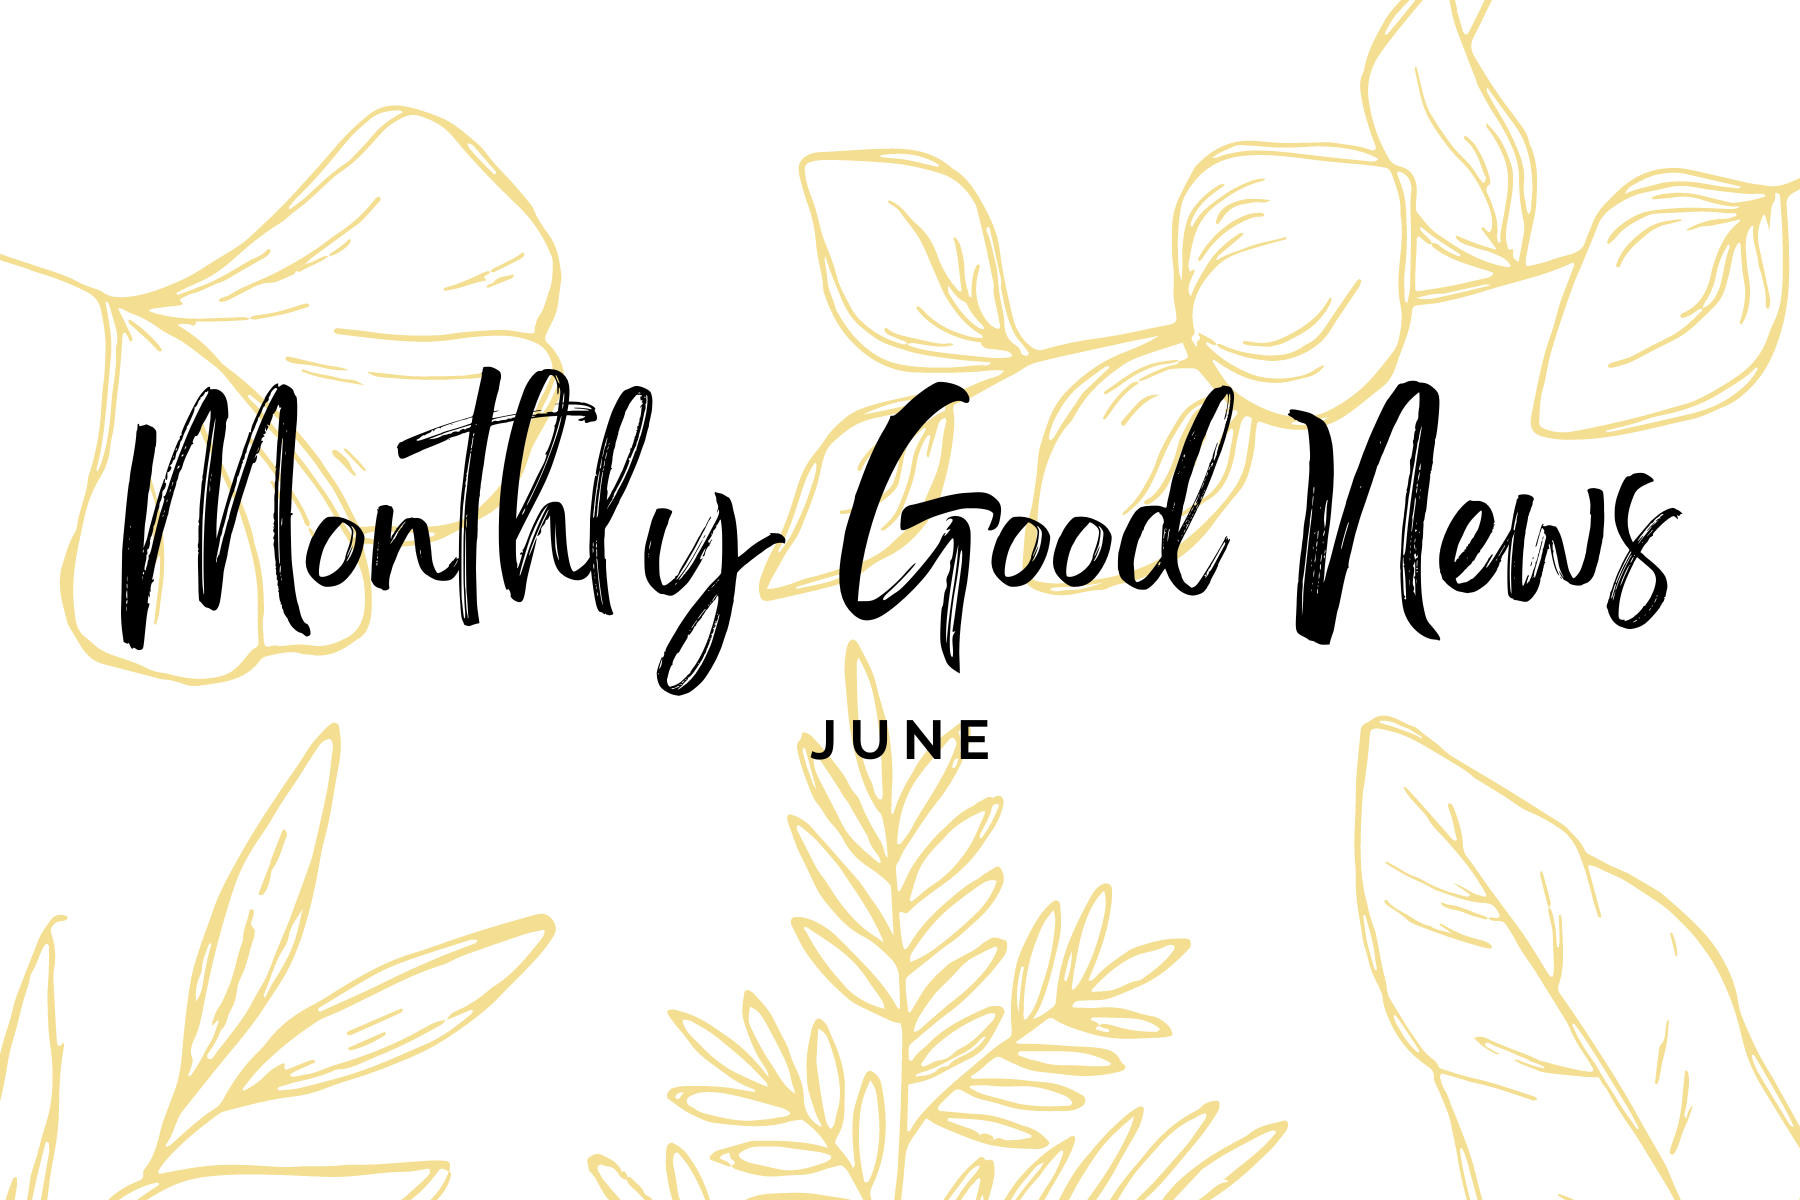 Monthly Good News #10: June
*-*-*
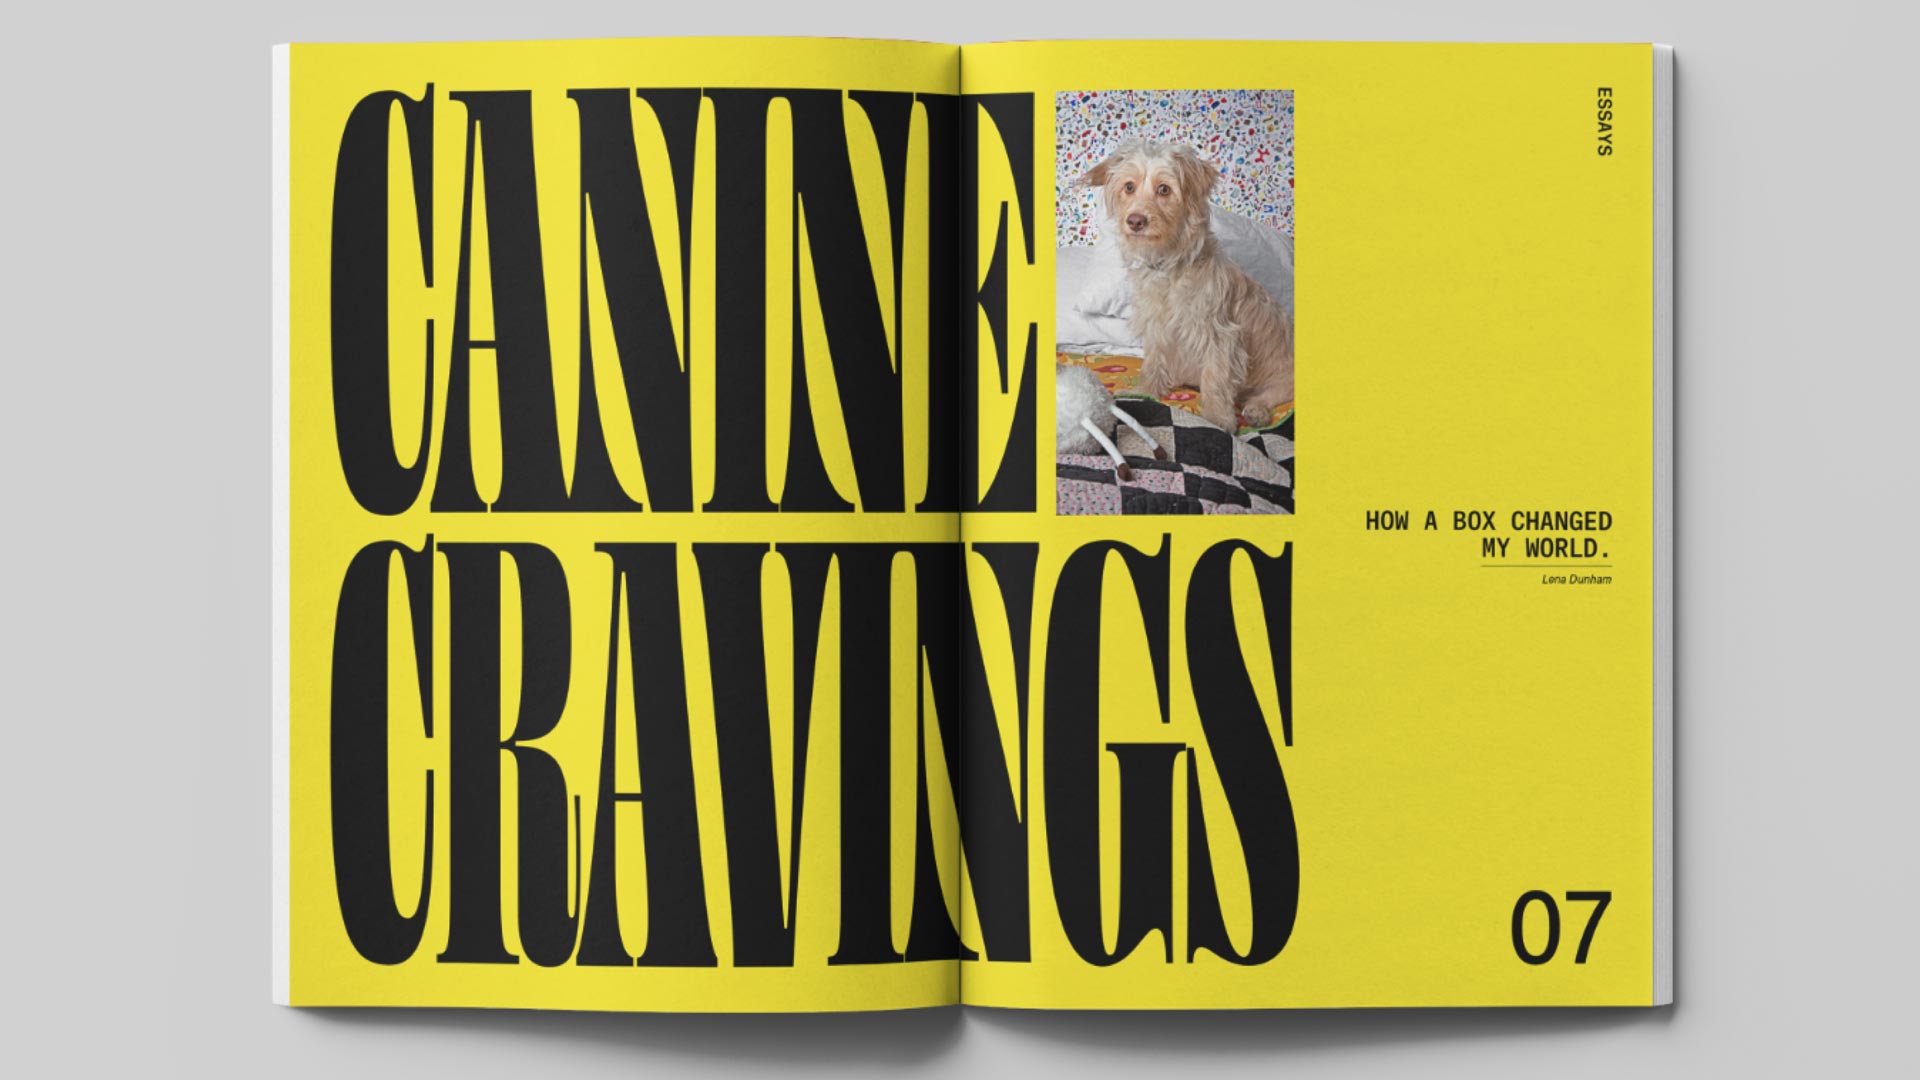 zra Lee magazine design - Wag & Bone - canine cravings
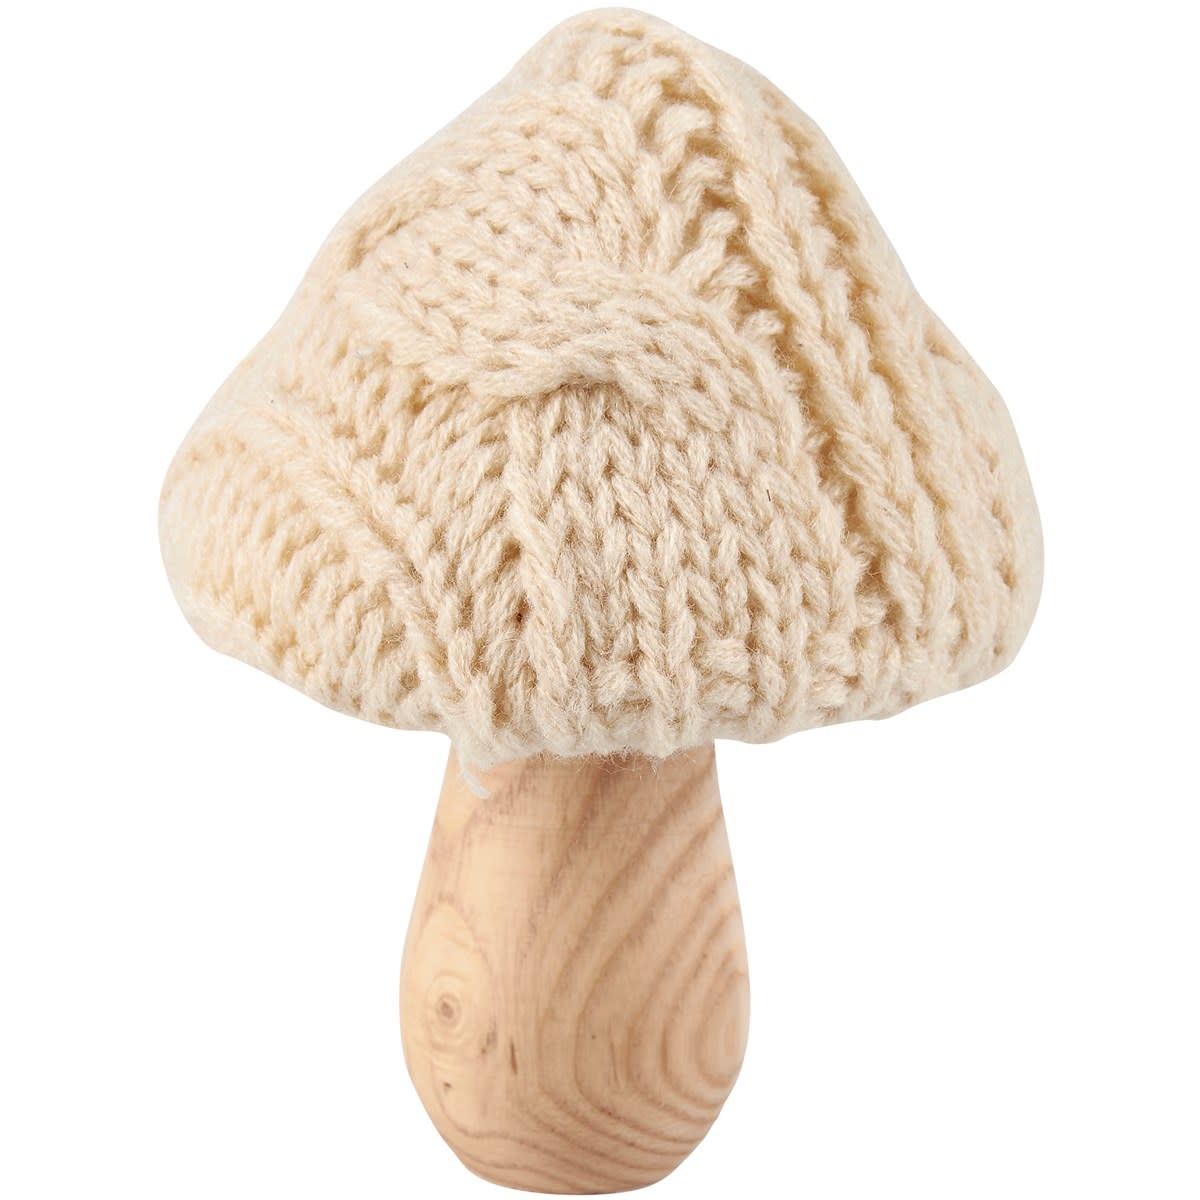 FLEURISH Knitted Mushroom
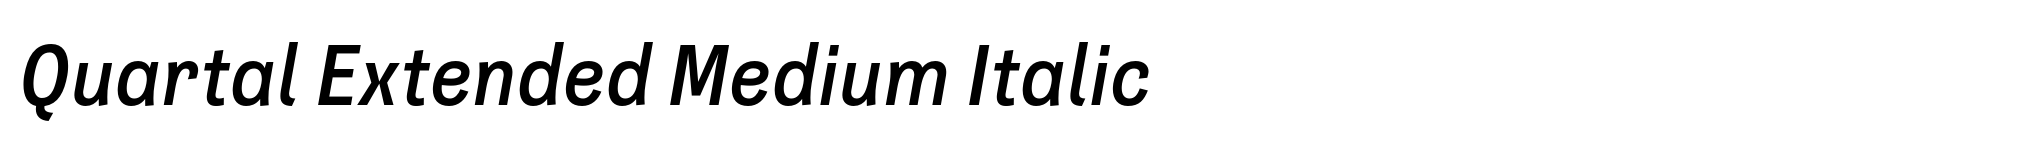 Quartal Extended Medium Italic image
*-*-*
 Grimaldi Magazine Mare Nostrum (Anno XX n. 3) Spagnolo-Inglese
*-*-*
* WHAT IS EXPECTED: Reproduce the records above exactly, but only from the line with "FLEURISH Knitted Mushroom" up to and including the line with "Quartal Extended Medium Italic image". Leave the pictures out.

* OUTPUT:
 FLEURISH Knitted Mushroom
 Quartal Extended Medium Italic image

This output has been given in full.